Resumindo, o velho não cabia em si de contente, talvez como nunca
estivera em sua vida.
No grande dia ele apareceu às onze horas em ponto, veio direto da
missa, com a casaca decentemente cerzida e, realmente, com um colete
novo e botas novas. Em cada mão tinha um pacote de livros. Sentamo-nos
todos então na sala de Anna Fiódorovna para tomarmos o café (era
domingo). Parece-me que o velho começou dizendo que Púchkin era um
poeta muito bom; depois, perdendo o fio da meada e se atrapalhando todo,
de súbito mudou de assunto, começou a dizer que um homem precisa se
comportar bem e que, se não se comporta bem, então significa que está
sendo indulgente consigo mesmo; que os maus hábitos acabam com a vida
de um homem e o levam à perdição; chegou a enumerar alguns exemplos
nocivos de intemperança e concluiu com o fato de que desde algum tempo
havia se emendado por completo e que agora se comportava de maneira
exemplar.
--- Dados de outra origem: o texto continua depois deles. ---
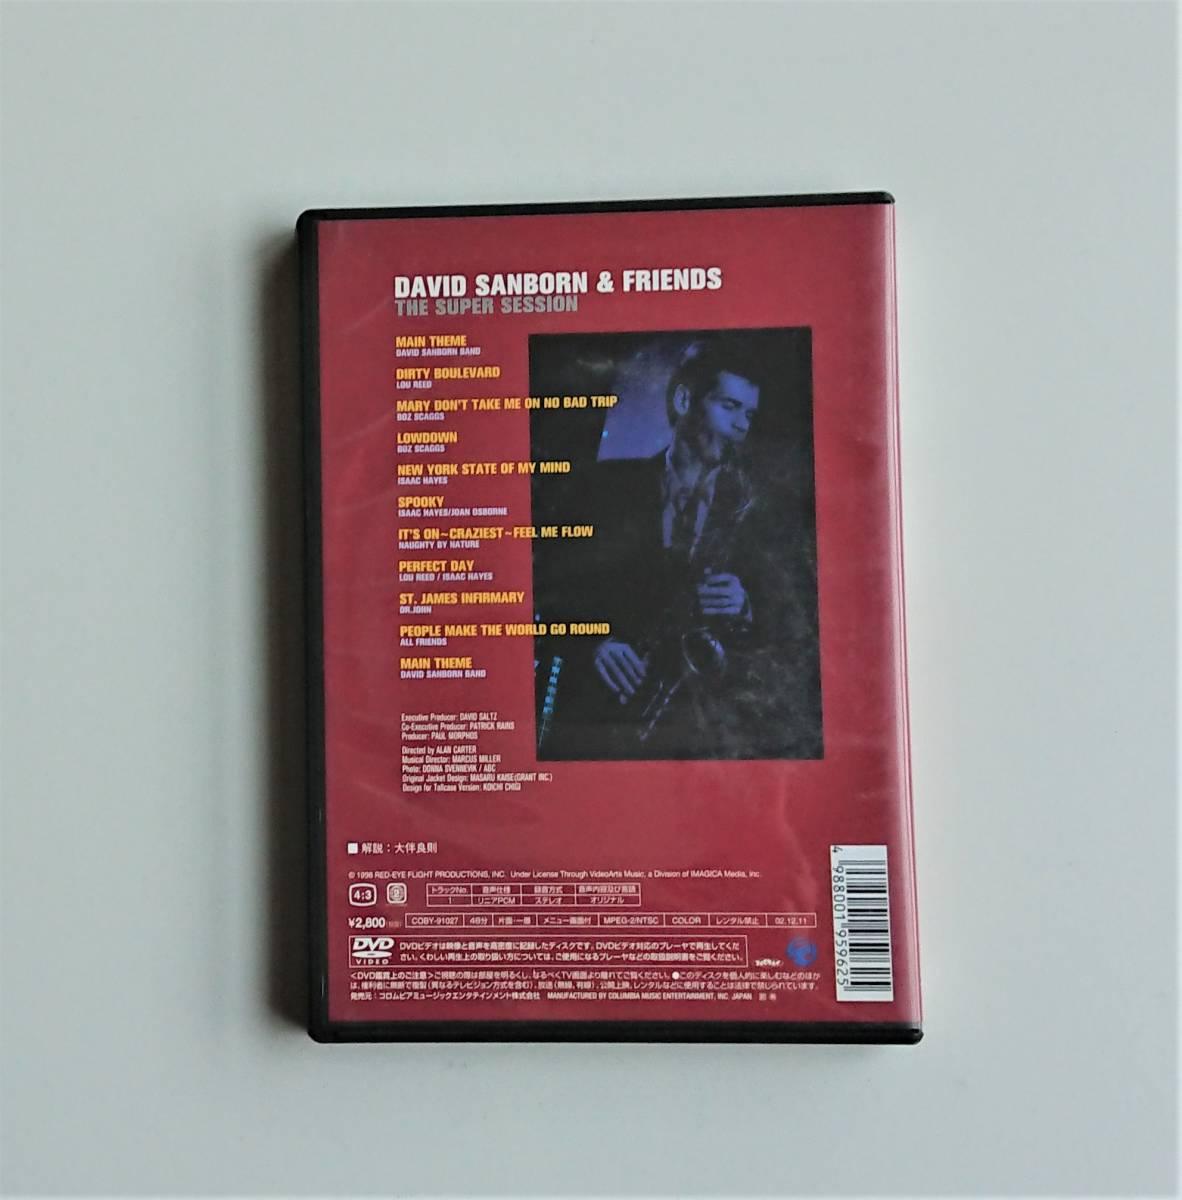 デイヴィッド・サンボーン & フレンズ ザ・スーパー・セッション 1998年国内盤 David Sanborn & Friends The Super Session_画像3

Que mesmo antes sentia que os sermões do filho eram justos, que
vinha sentindo isso e que foi adicionando tudo no coração, mas que agora
começara a se abster também na prática. Como prova disso, oferecia os
livros comprados com o dinheiro juntado por ele ao longo de muito tempo.
Eu não conseguia conter as lágrimas e o riso ao ouvir o pobre
velho; sabia mentir bem em caso de necessidade! Os livros foram levados
para o quarto de Pokróvski e colocados na prateleira. Pokróvski adivinhou
de imediato a verdade. O velho foi convidado para o almoço. Nesse dia
estávamos todos muito alegres. Depois do almoço jogamos cartas e
prendas; Sacha se divertia, e eu não lhe ficava atrás. Pokróvski estava
atencioso comigo e ficou tentando encontrar uma ocasião para
conversarmos a sós, mas eu não me rendi. Este foi o melhor dia daqueles
quatro anos inteiros de minha vida.
Mas agora vêm só recordações tristes, penosas; tem início a novela
sobre os meus dias negros. Talvez seja por isso que minha pena começa a se
mover mais devagar, como se se recusasse a continuar a escrever. Talvez
seja por isso que tenho passado com tanto entusiasmo e tanto amor para a
minha memória até os pormenores mais insignificantes de minha
insignificante vidinha nos meus dias felizes. Esses dias duraram tão pouco;
foram substituídos pelo desgosto, um desgosto amargo, que só Deus sabe
quando terá fim.
Minha desdita começou com a doença e a morte de Pokróvski.
Ele adoeceu dois meses depois dos acontecimentos que acabo de
descrever. Nesses dois meses, batalhou incansavelmente por um meio de
subsistência, já que até então não tinha uma situação definida. Como todo
tuberculoso, até o último momento, nunca perdeu a esperança de viver
ainda muito tempo. Havia-lhe aparecido um emprego de professor não sei
onde; mas ele tinha aversão por essa profissão. E trabalhar no serviço
público, por razões de saúde, ele não podia. E além disso seria preciso
esperar muito tempo pelo pagamento do primeiro salário. Resumindo,
Pokróvski via apenas fracasso por todo lado; estava ficando intratável. Sua
saúde ia de mal a pior; ele não se dava conta disso. Chegou o outono. Saía
todos os dias com seu capotezinho leve para correr atrás de seus assuntos,
para pedir e implorar um emprego em algum lugar — o que, em seu íntimo,
era um tormento; andava debaixo de chuva, ficava todo ensopado, com os
pés molhados, e acabou caindo de cama, de onde não se levantou mais...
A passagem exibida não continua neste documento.